*** Provided records

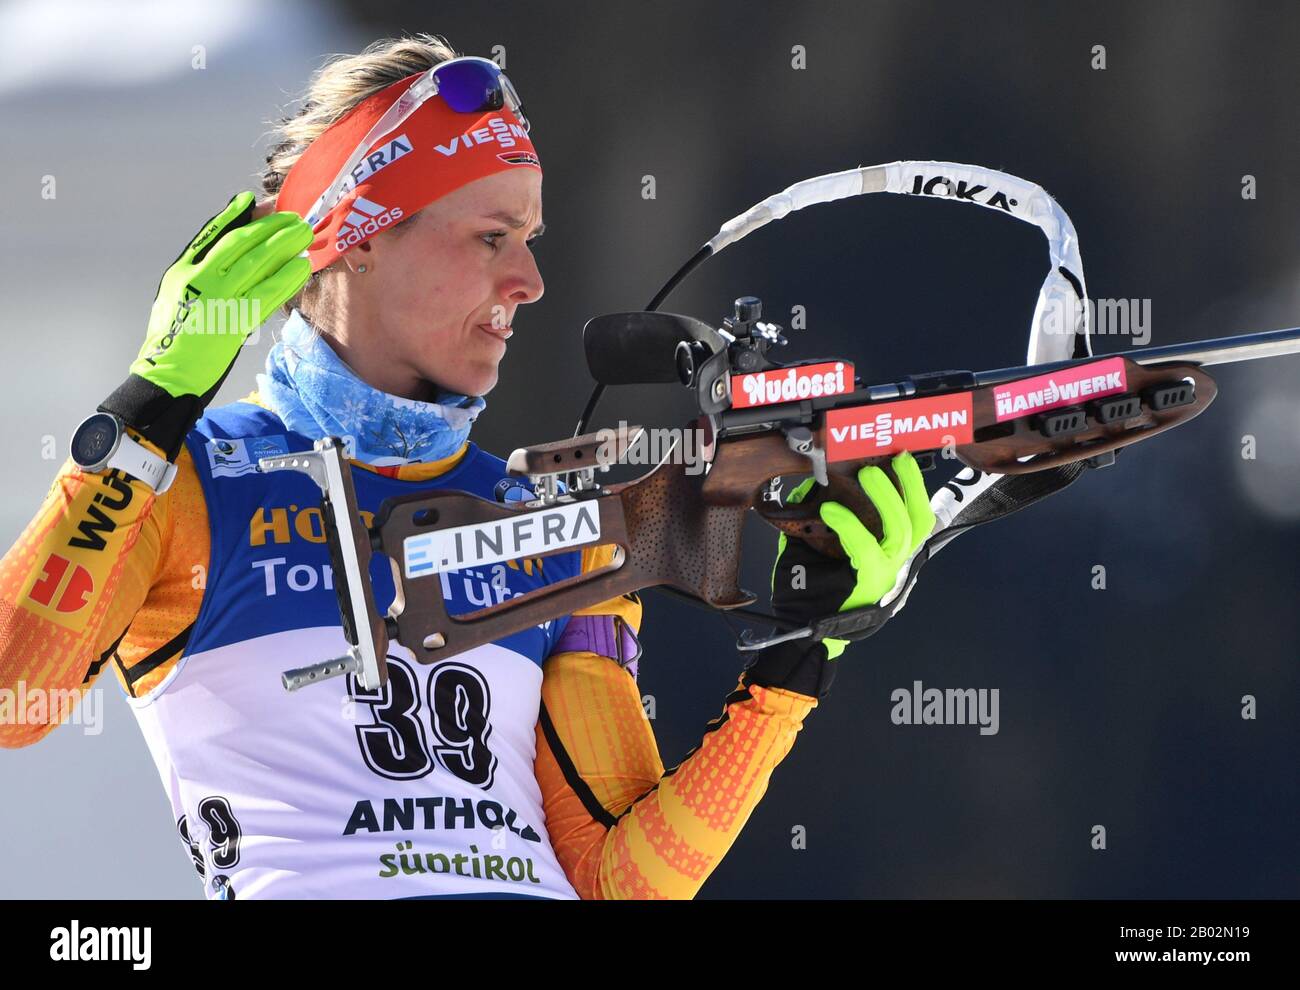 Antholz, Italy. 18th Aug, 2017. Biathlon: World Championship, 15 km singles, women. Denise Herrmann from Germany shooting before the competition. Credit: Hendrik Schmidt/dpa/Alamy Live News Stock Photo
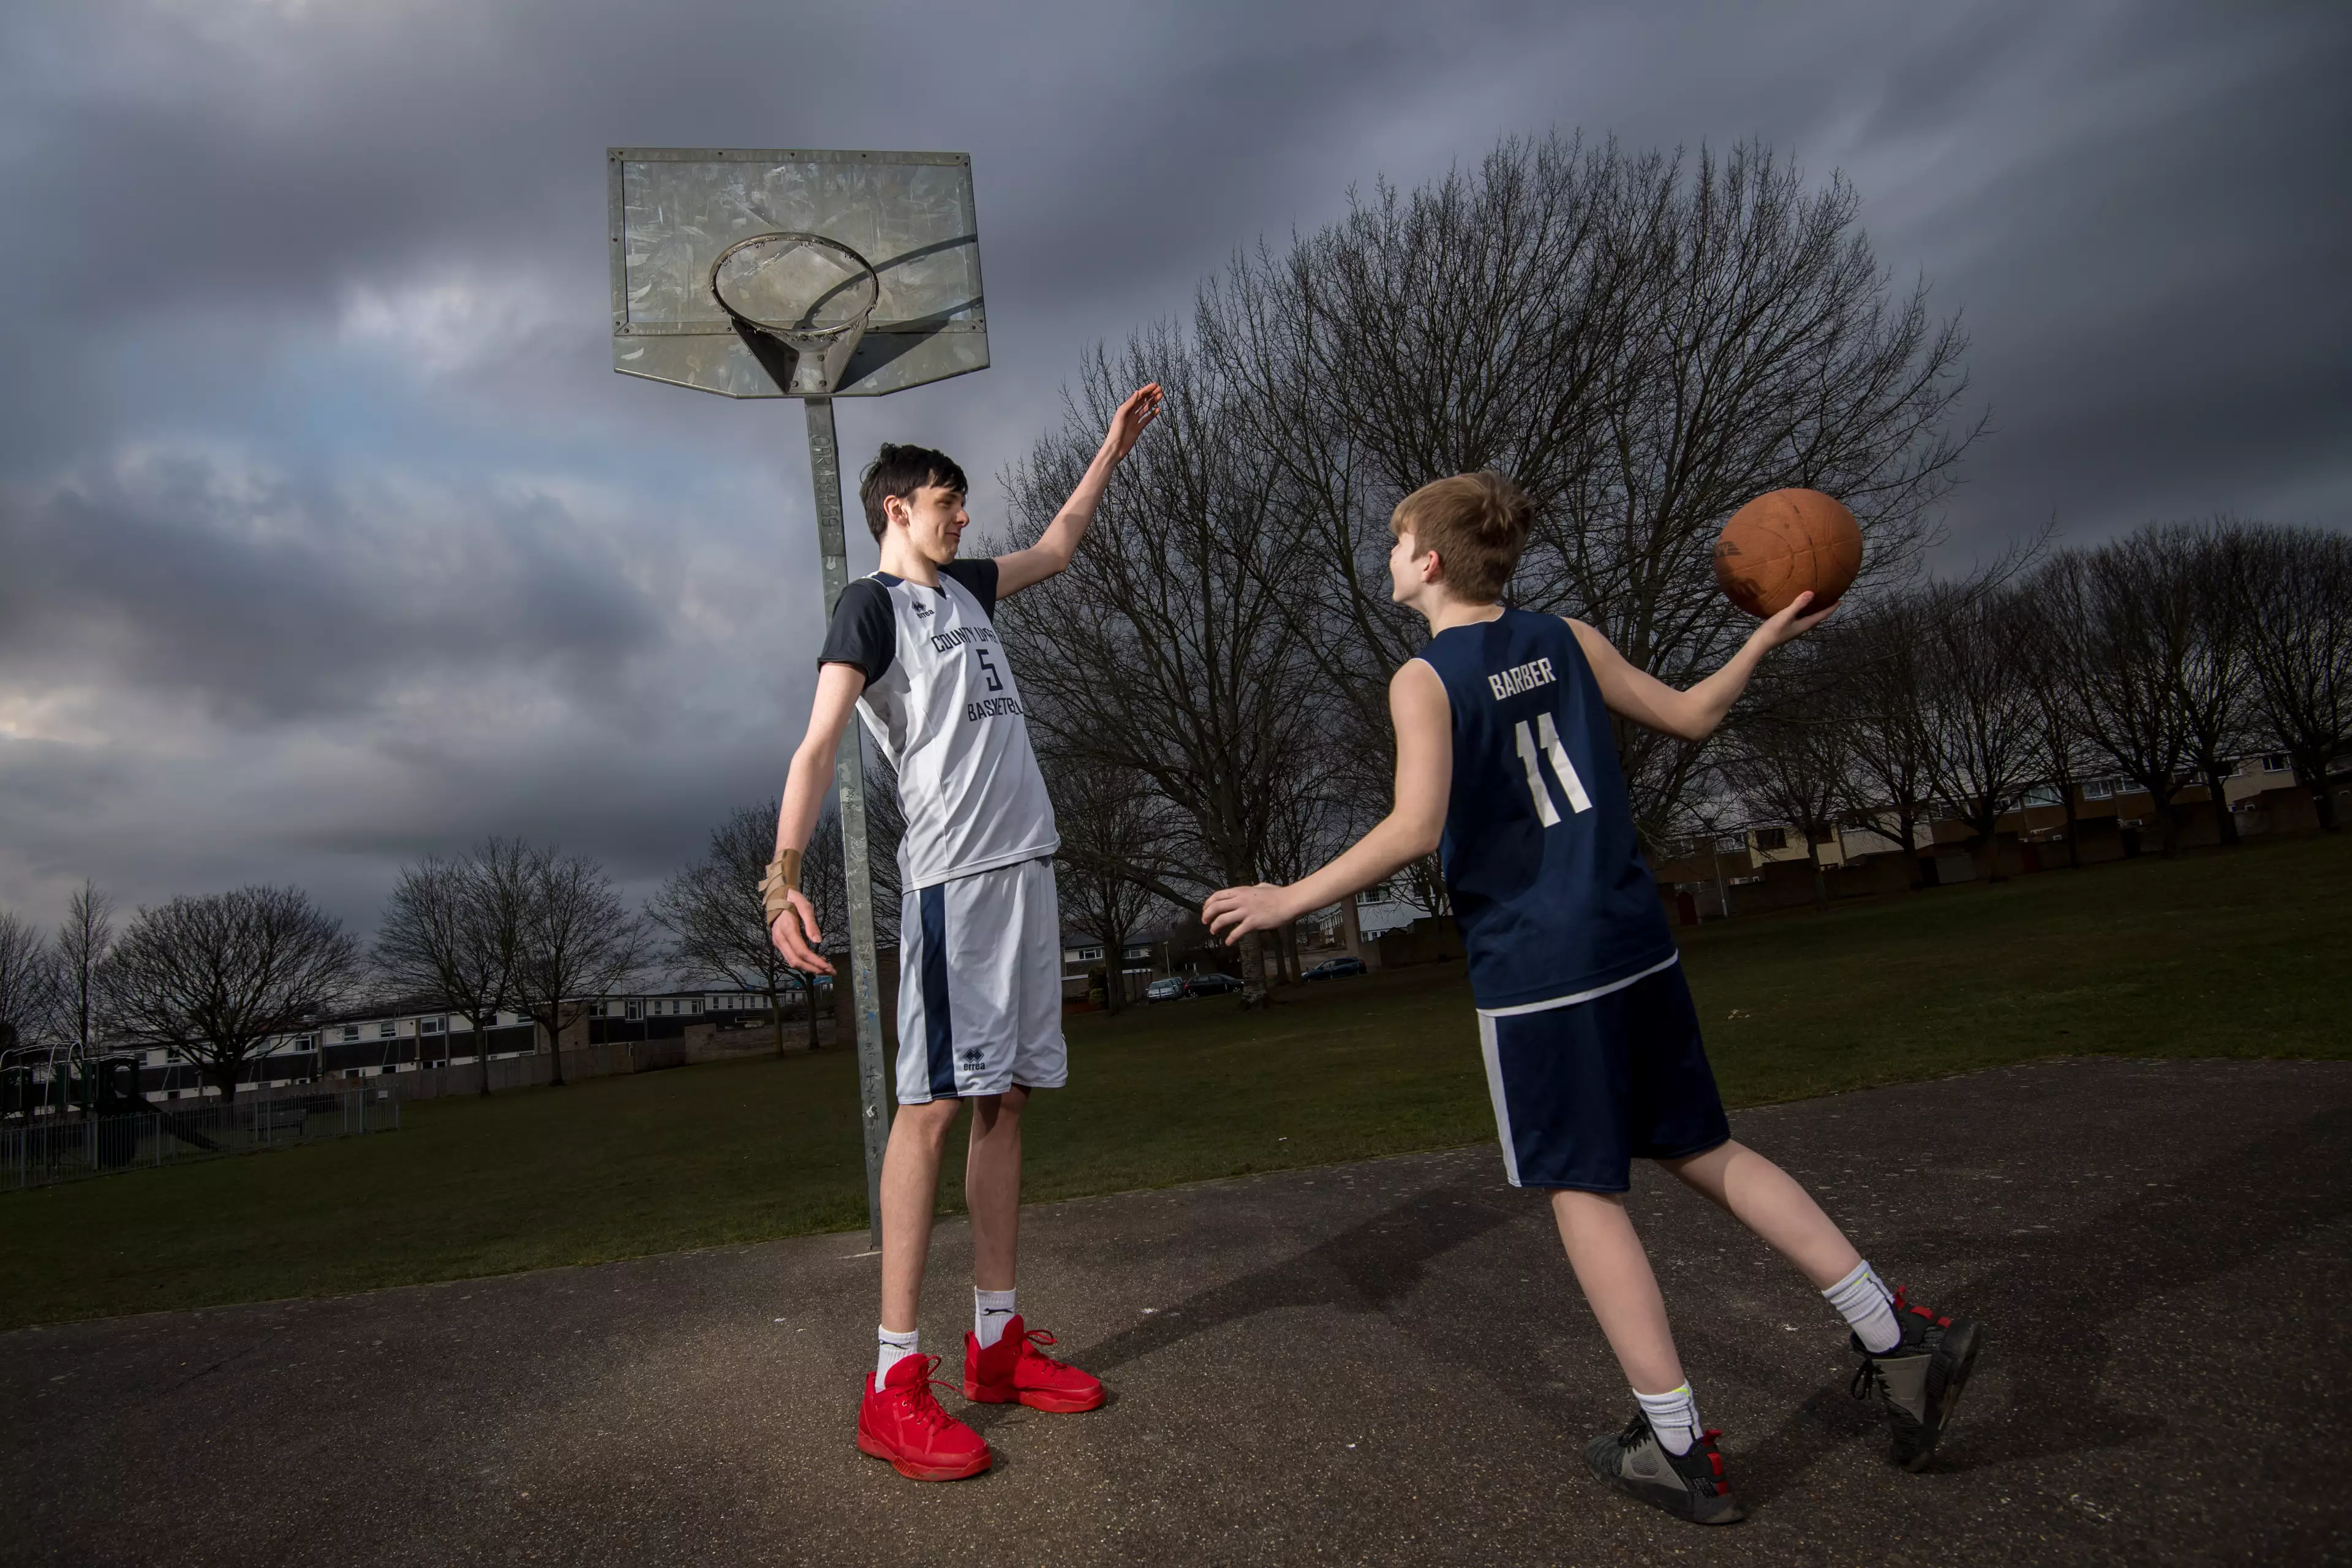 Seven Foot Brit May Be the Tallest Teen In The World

******
*** Provided records

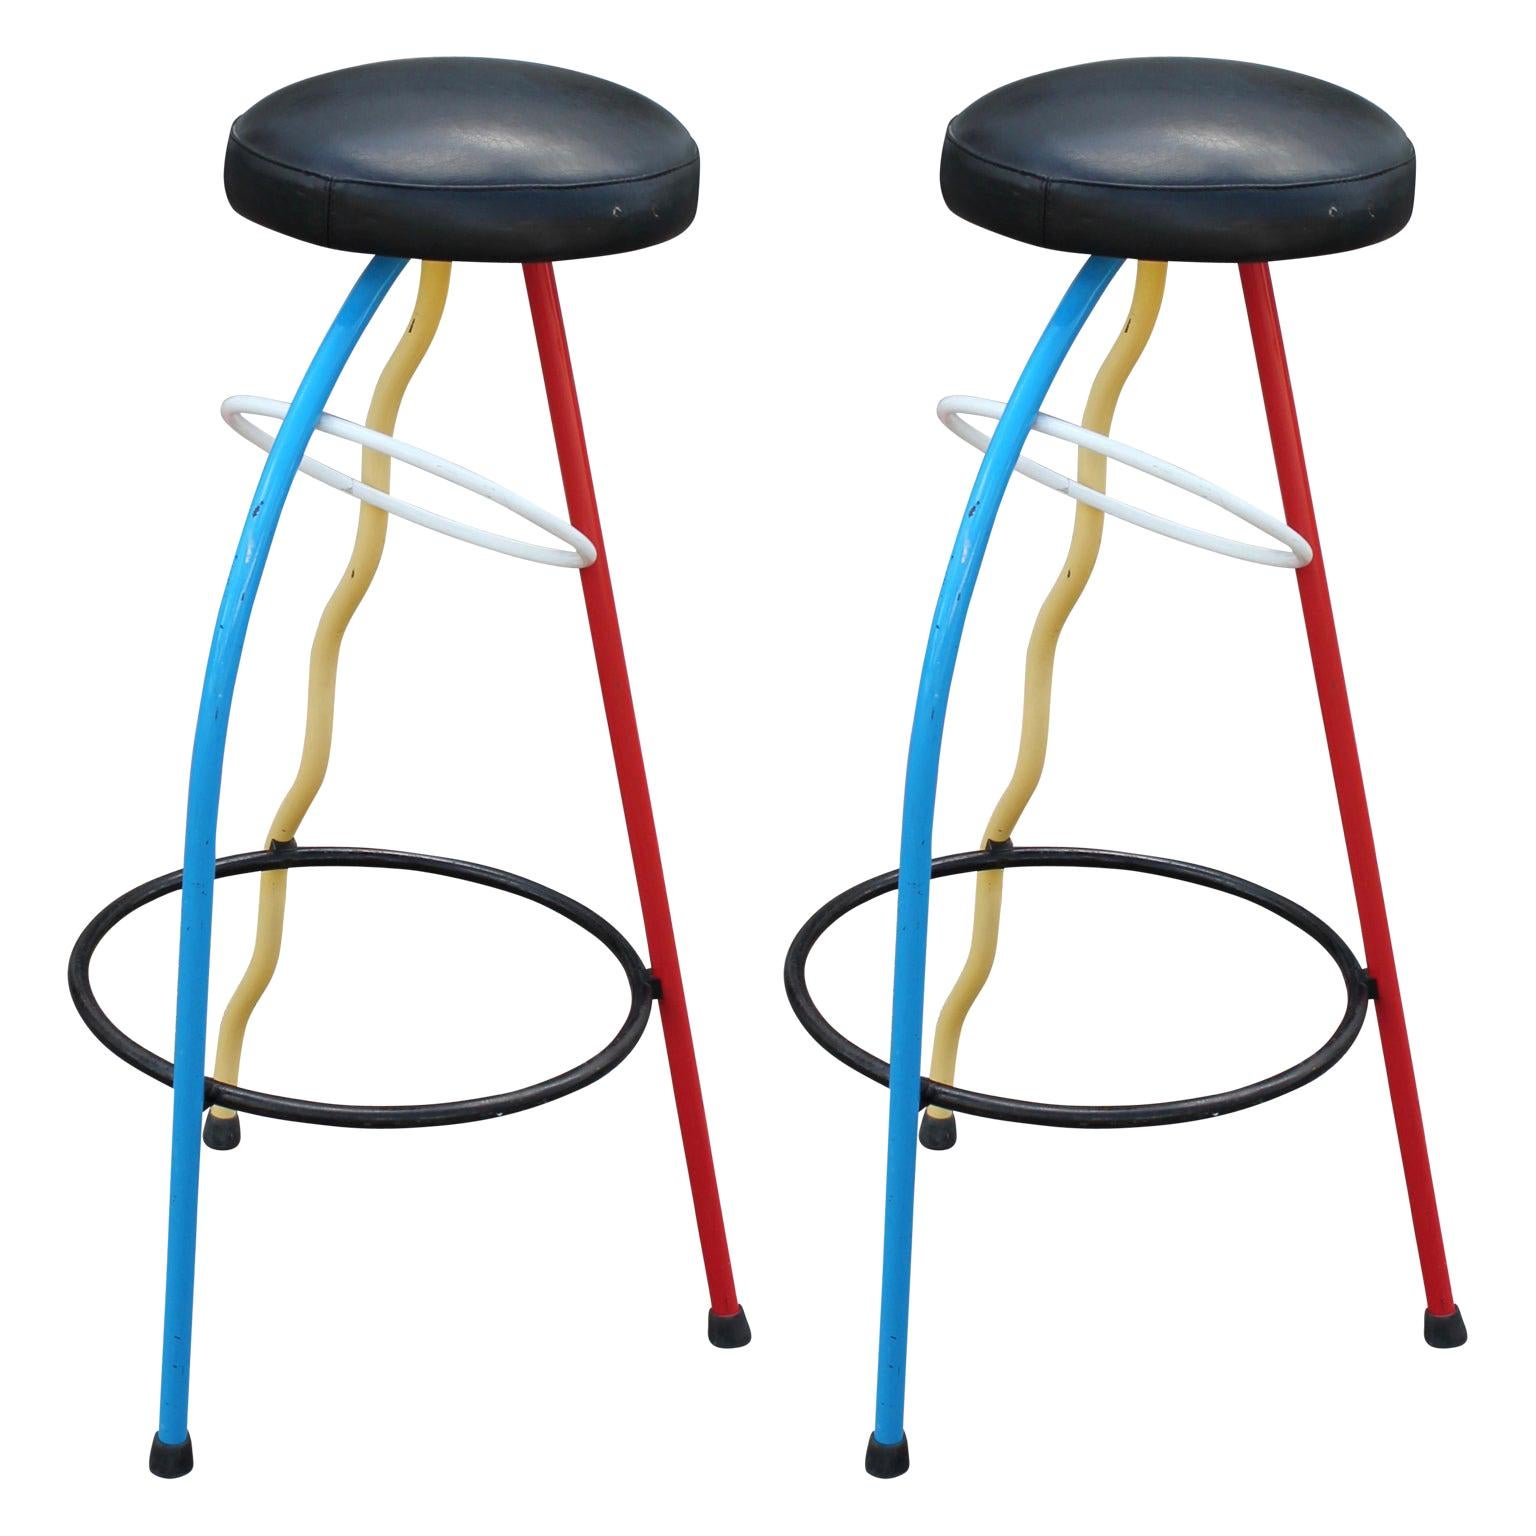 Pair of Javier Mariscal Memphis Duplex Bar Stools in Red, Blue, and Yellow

******
*** Provided records

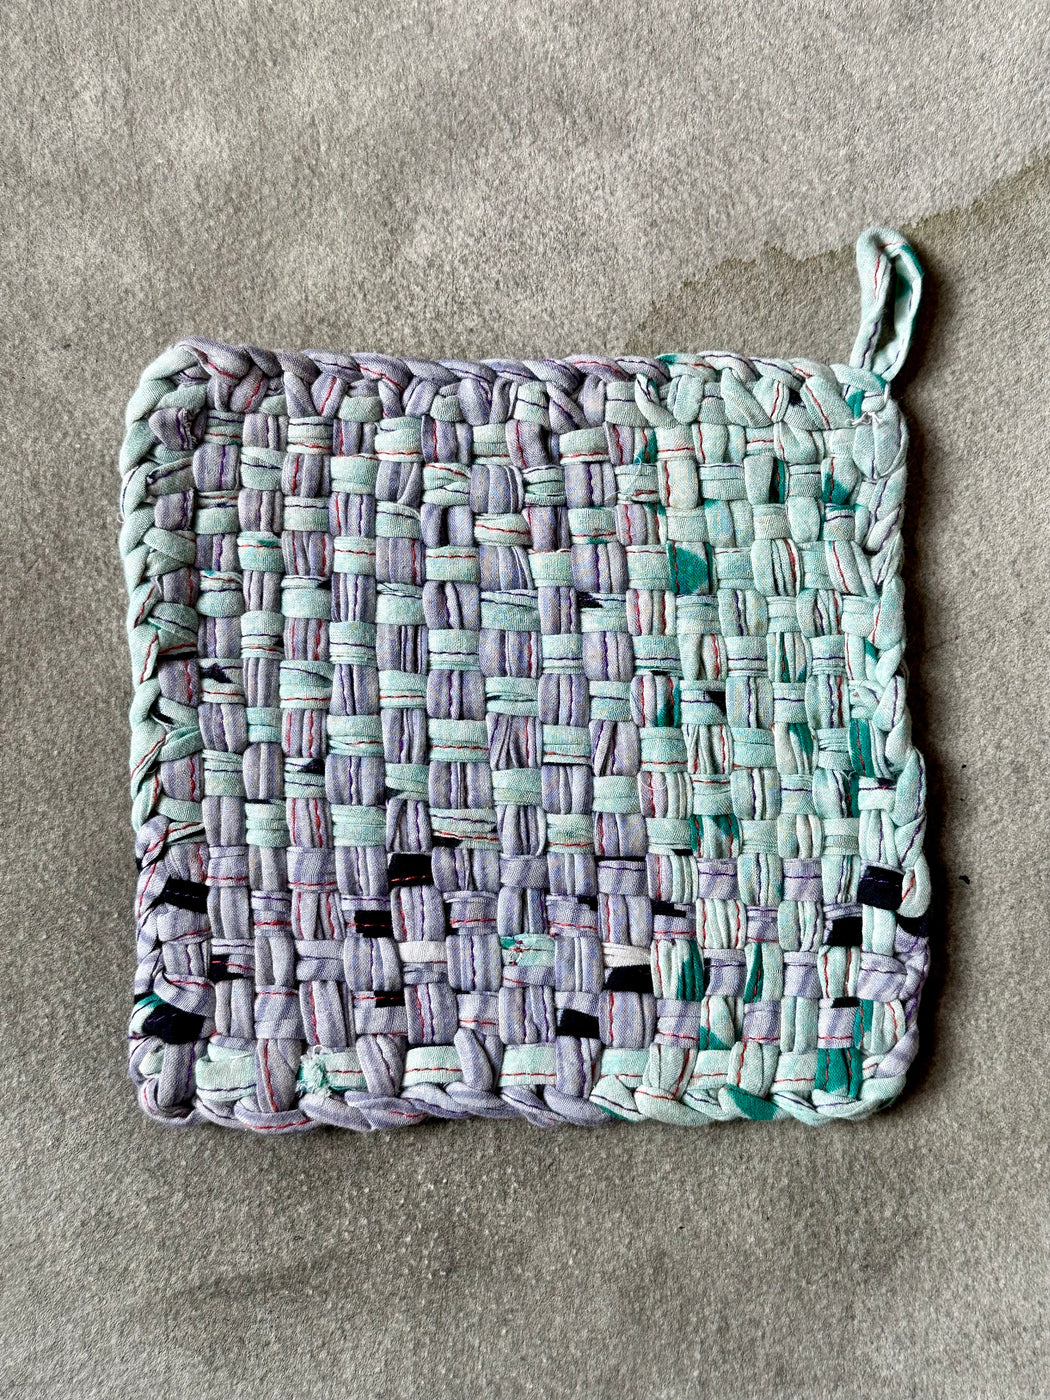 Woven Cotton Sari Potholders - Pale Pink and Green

******

#### [Problem to work on]
Copy the listing above exactly, but only from the line with "Antholz, Italy. 18th" through the line with "Seven Foot Brit", including those two lines and excluding any picture.

#### [Expected output]
 Antholz, Italy. 18th Aug, 2017. Biathlon: World Championship, 15 km singles, women. Denise Herrmann from Germany shooting before the competition. Credit: Hendrik Schmidt/dpa/Alamy Live News Stock Photo
 Seven Foot Brit May Be the Tallest Teen In The World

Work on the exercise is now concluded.